However, if there is a bad trait, you'll amplify that and you'll be producing extremely inferior lines. And if you continue to do this, you'll start seeing bad breeding results, less kits, etc. etc. Just bad stock.

But 1st generation inbreeding kits shouldn't have any negative effects on production if it's terminal production.


----------



## kasey08 (Jan 10, 2012)

Thanks I didnt know that. I was looking into just getting a nonrelated male for the sisters. I already have a female.


----------



## gryeyes (Jan 11, 2012)

I've never had more than one rabbit at a time, so I didn't know bunnies could be fighters amongst themselves!  The first bunny I had, I was 7 years old (51 years ago) and I've recently acquired a Lionhead buck.  The family giving him up is also giving me the doe and some of her kits from him on Thursday.  
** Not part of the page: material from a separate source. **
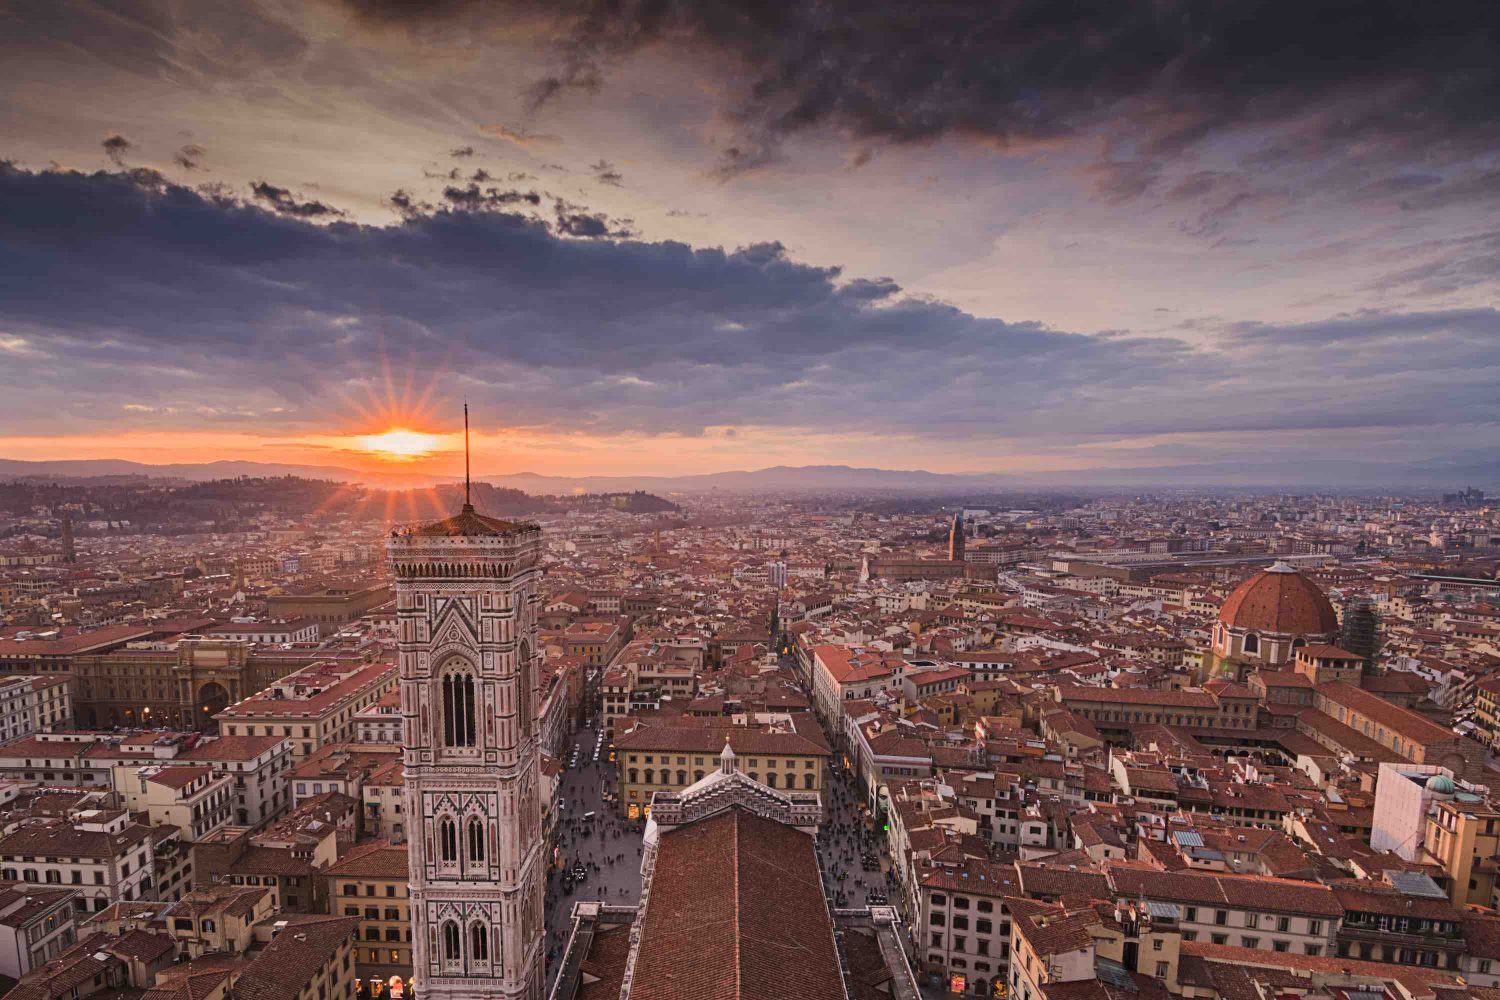 Italy Travels tour operator fiorentino, tramite Tickets Florence vi trasporta indietro nel tempo con un tour degli Uffizi davvero mozzafiato

So I guess I will be learning about this rabbit stuff "for reals" now.


----------



## Ms. Research (Jan 11, 2012)

gryeyes said:
			
		

> I've never had more than one rabbit at a time, so I didn't know bunnies could be fighters amongst themselves!  The first bunny I had, I was 7 years old (51 years ago) and I've recently acquired a Lionhead buck.  The family giving him up is also giving me the doe and some of her kits from him on Thursday.
> 
> So I guess I will be learning about this rabbit stuff "for reals" now.


Congratulations on the Lionheads you are acquiring.  I'm looking to get that breed as well.  I have three right now, varieties, that my DH and I started out with.  Never had rabbits so we needed to get our feet wet.  Love rabbits.  Really neat creatures to have.  

And yes these cute, sweet, furry creatures WILL fight and it's not pretty either.  So I would think of separate cages of the doe and buck.  The little ones can live together for a while, but I would think of separating around 3 months.  Amazing how active sexually they get at 4 months.  

Good Luck.

Welcome to the Forum.

Would love to see pics of your new Lionheads.

K


----------



## oneacrefarm (Jan 11, 2012)

gryeyes said:
			
		

> I've never had more than one rabbit at a time, so I didn't know bunnies could be fighters amongst themselves!  The first bunny I had, I was 7 years old (51 years ago) and I've recently acquired a Lionhead buck.  The family giving him up is also giving me the doe and some of her kits from him on Thursday.
> 
> So I guess I will be learning about this rabbit stuff "for reals" now.


I had a couple of young does together for a while, then separated them. I tried to put them back together and Holy Cow! A rolling, biting, scratching, fur flying ball o' rabbit ensued! And these were very calm and docile rabbits too!


----------